From the very first, I said as the sample size goes on increasing the shape of the curve of proposed distribution tends to match up with the normal curve. I mean this

Illustration of the difference of cumulative distribution alluded to in the theorem, adapted from Wikipedia

Isn’t the smoothing concept looks like Taylor’s theorem? Exactly! Like Taylor theorem said, we can approximate any curve to a well-defined curve by a series expression. Likewise, we can estimate our proposed distribution with standard normal distribution by taking higher order terms. So, we will need to go like this

e^{i t x} = 1 + i t x - \frac{t^{2} x^{2}}{2!} + \sum_{d = 3}^{\infty} \frac{t^{d} x^{d}}{d!}

or, \sum_{d = 3}^{\infty} \frac{t^{d} x^{d}}{d!} =e^{i t x} - 1 - i t x + \frac{t^{2} x^{2}}{2!}.

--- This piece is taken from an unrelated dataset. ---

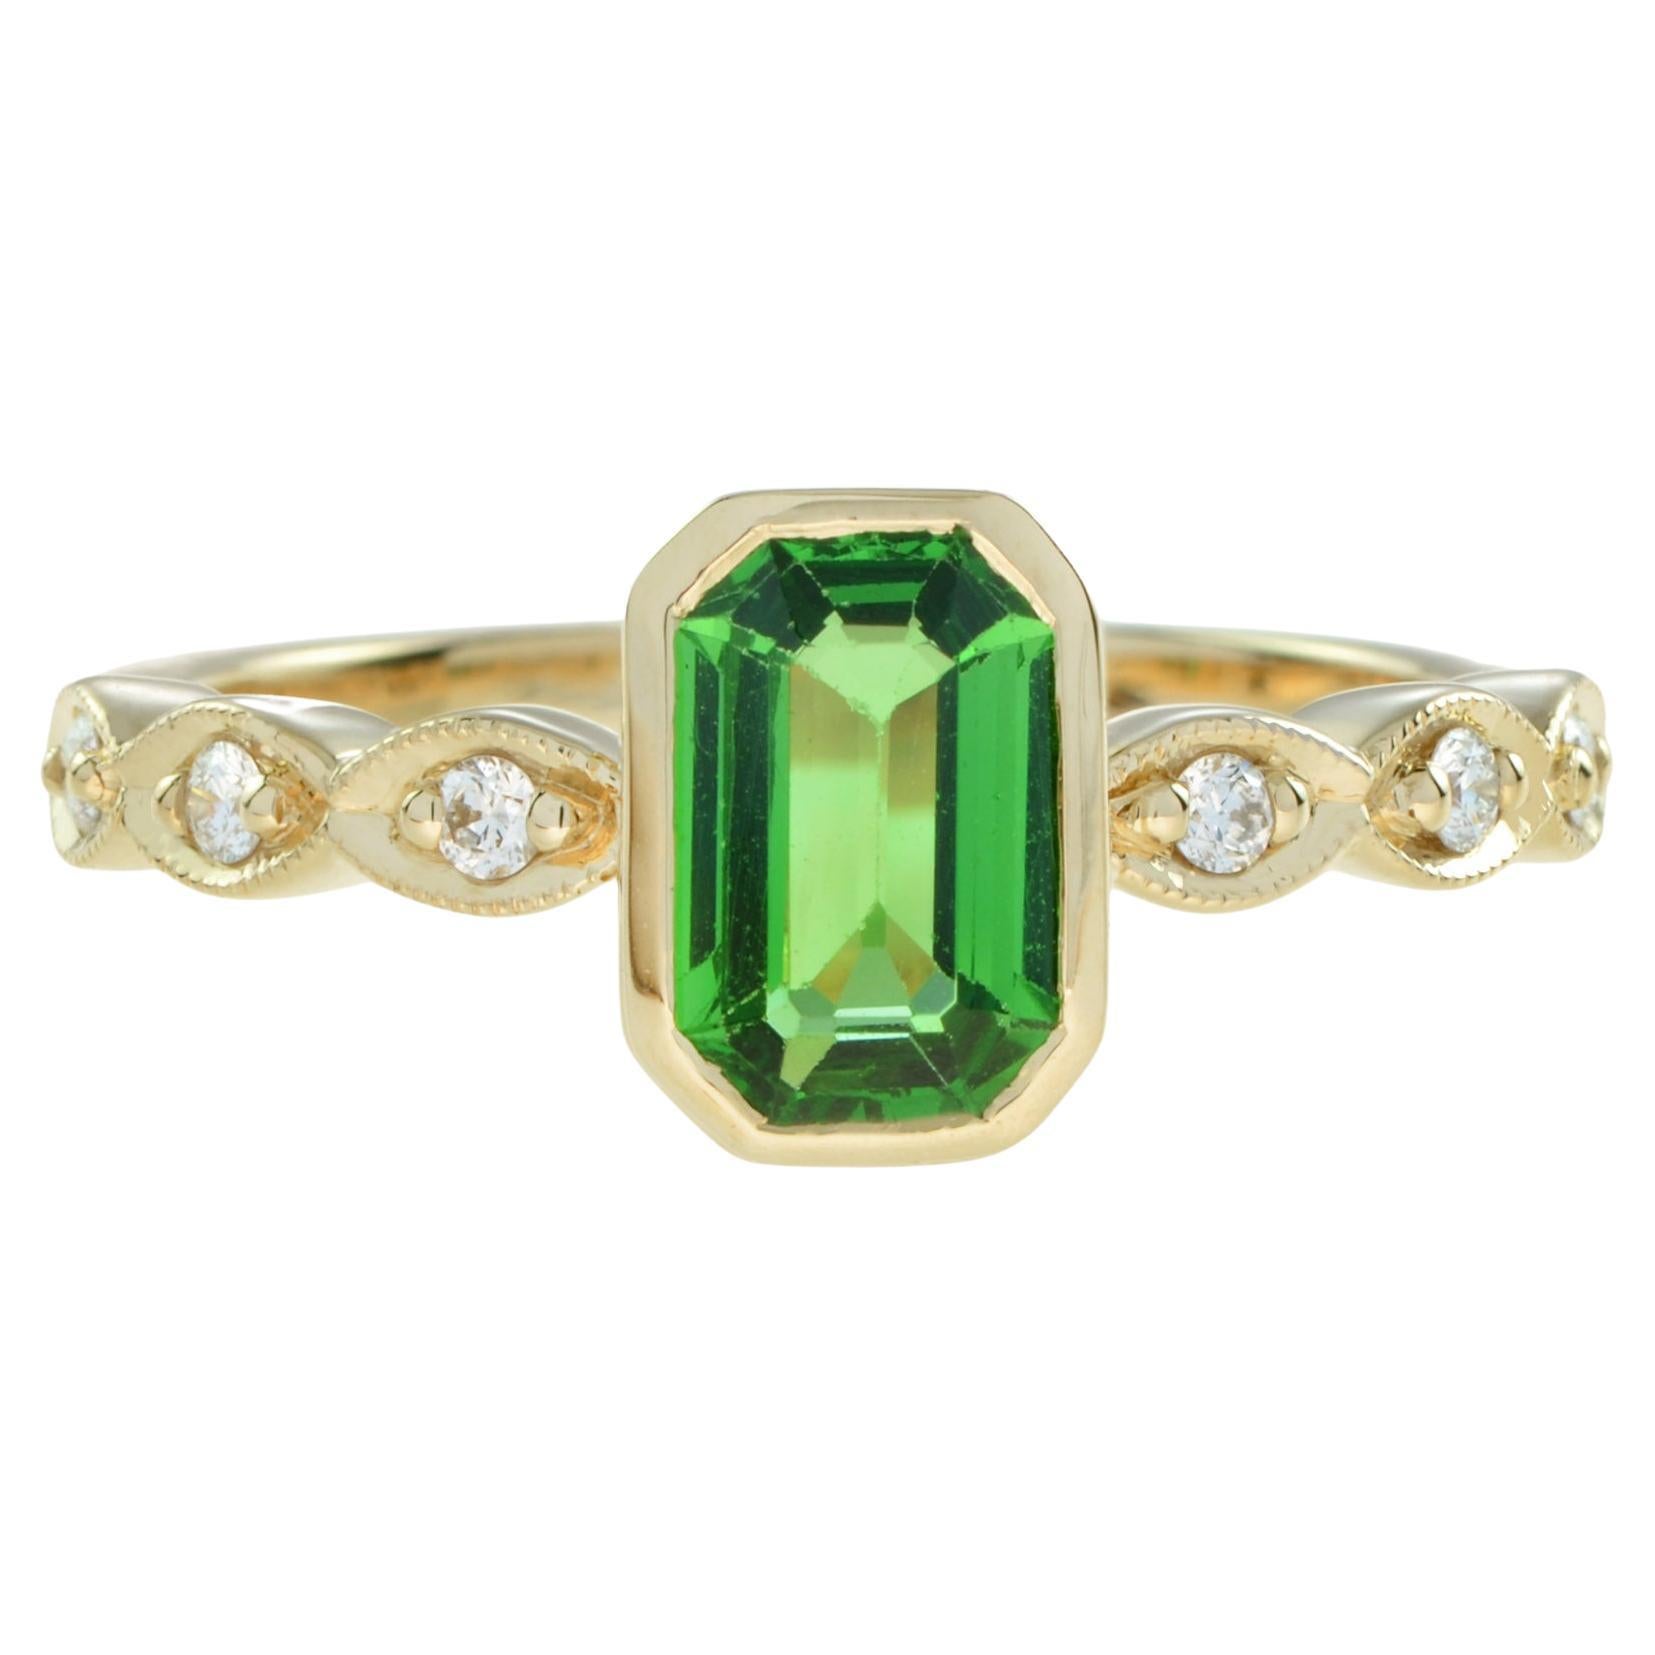 Certified Emerald Cut Tsavorite and Diamond Engagement Ring in 18K Yellow Gold

Now, multiply by F_{n}(x) and do integration both sides with the limit -\infty to \infty i.e.

\int_{-\infty}^{\infty} (\sum_{d = 3}^{\infty} \frac{t^{d} x^{d}}{d!})F_{n}(x) dx =\int_{-\infty}^{\infty}  (e^{i t x} - 1 - i t x + \frac{t^{2} x^{2}}{2!}) F_{n}(x) dx \rule{2cm}{0.4pt}  (5).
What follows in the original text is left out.